EXERCISE GOAL. An exact restatement of the entire listing is needed, excluding all images.

INPUT DATA.
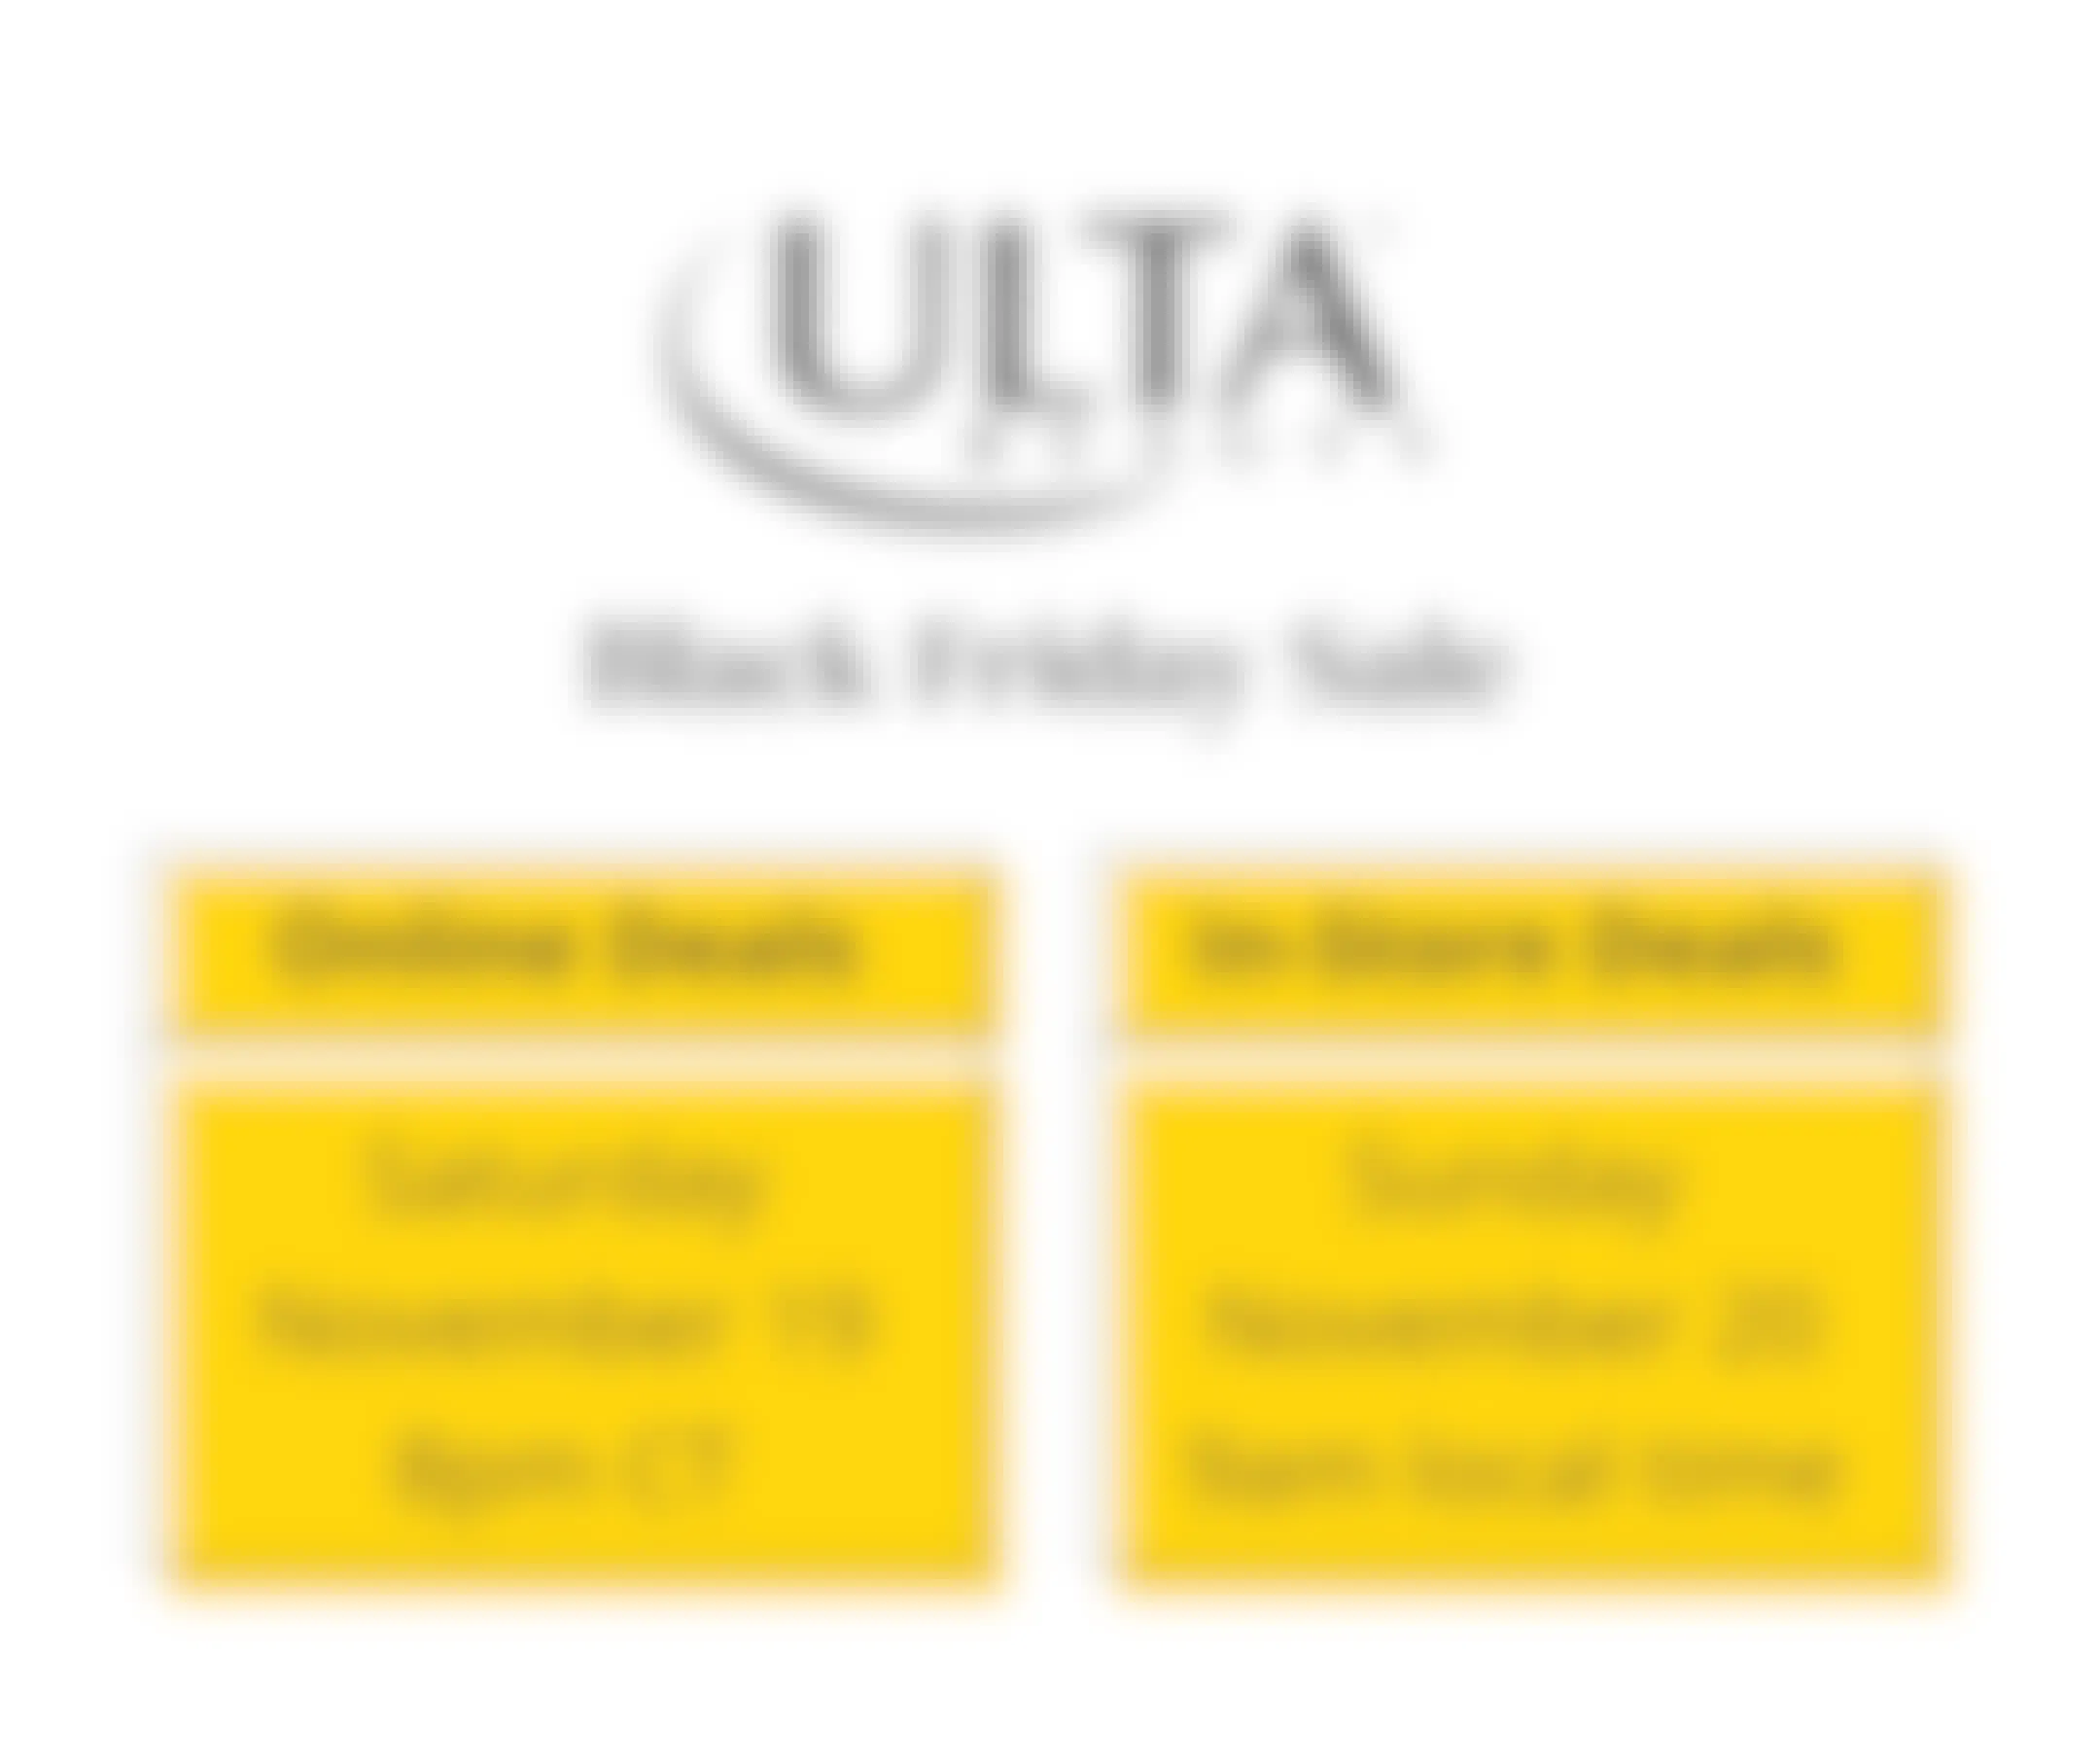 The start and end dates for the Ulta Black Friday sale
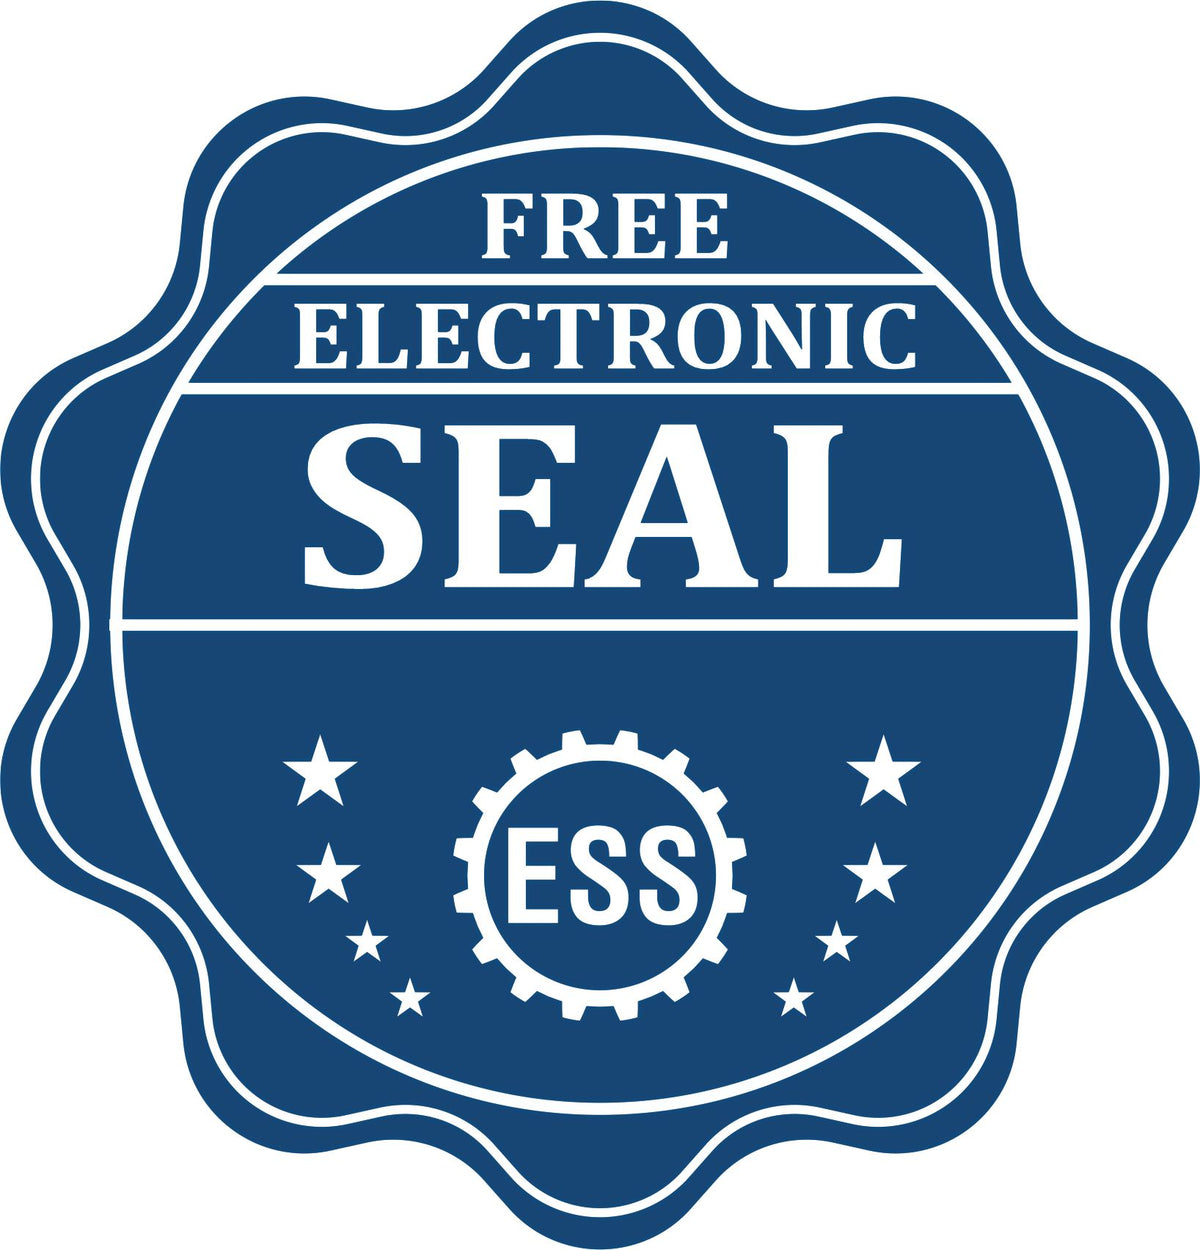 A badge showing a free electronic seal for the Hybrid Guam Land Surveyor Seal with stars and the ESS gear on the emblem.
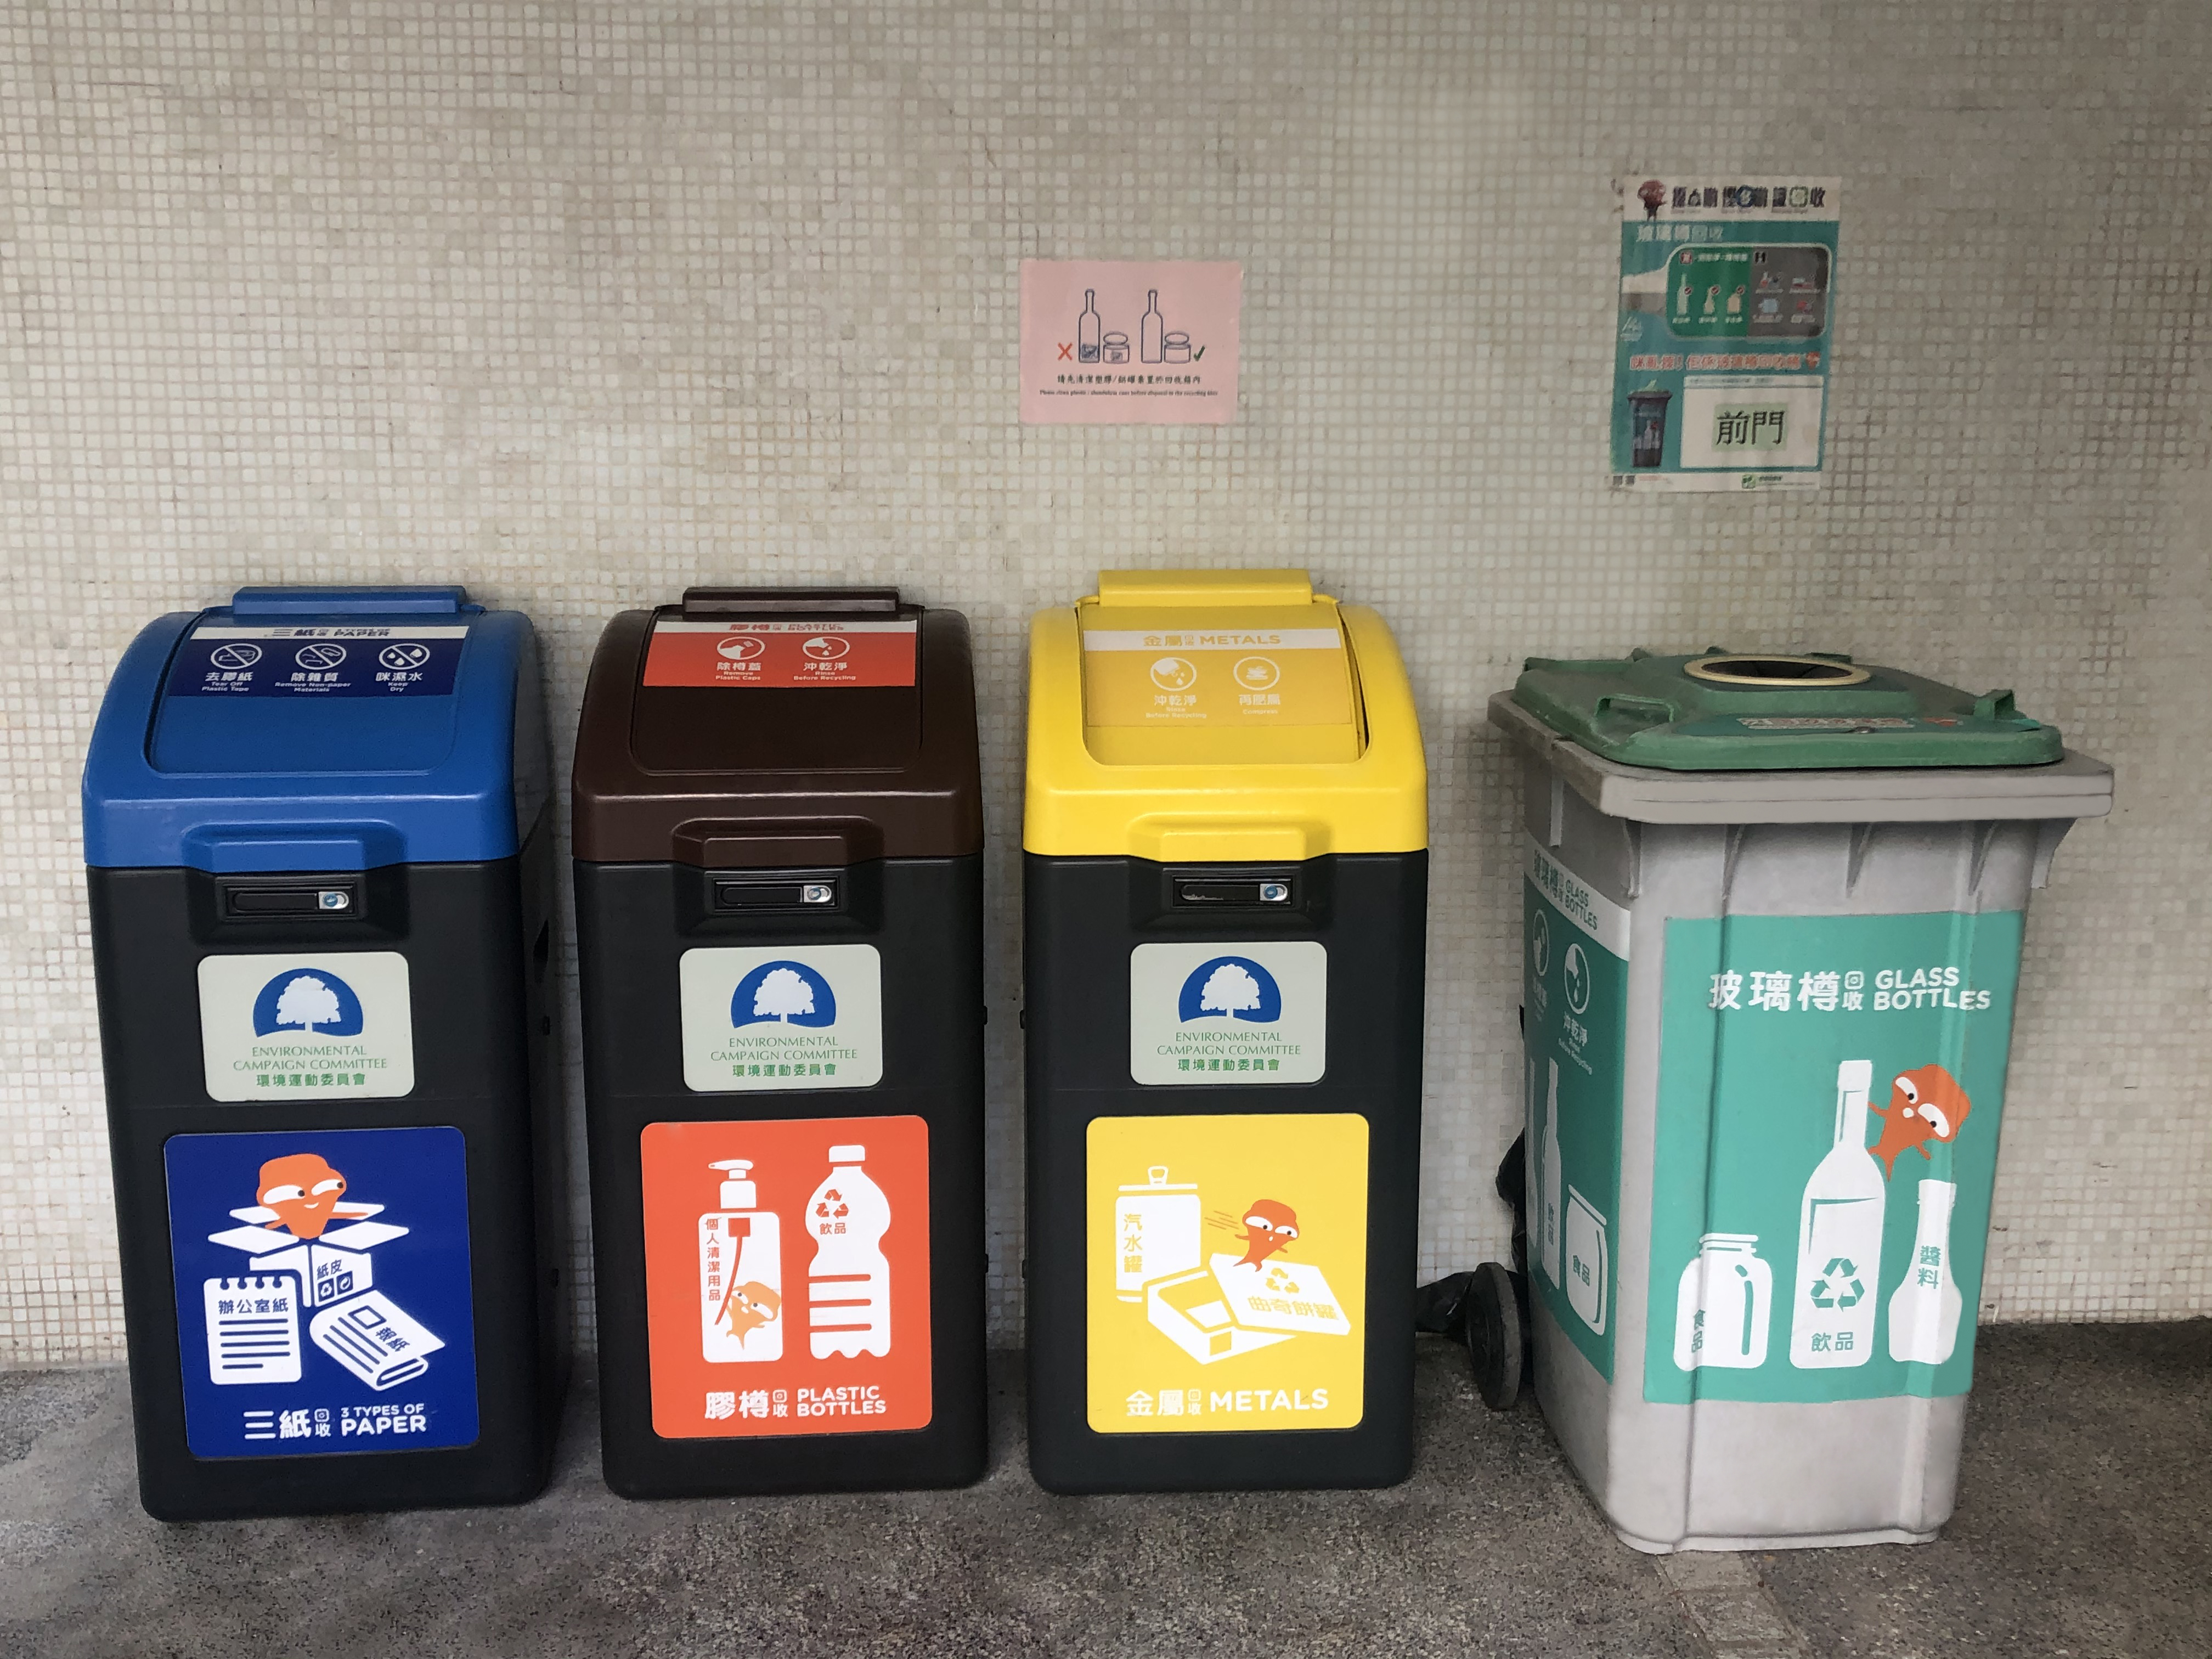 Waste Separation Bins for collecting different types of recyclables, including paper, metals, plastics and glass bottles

YOUR RESPONSE.
 The start and end dates for the Ulta Black Friday sale
 A badge showing a free electronic seal for the Hybrid Guam Land Surveyor Seal with stars and the ESS gear on the emblem.
 Waste Separation Bins for collecting different types of recyclables, including paper, metals, plastics and glass bottles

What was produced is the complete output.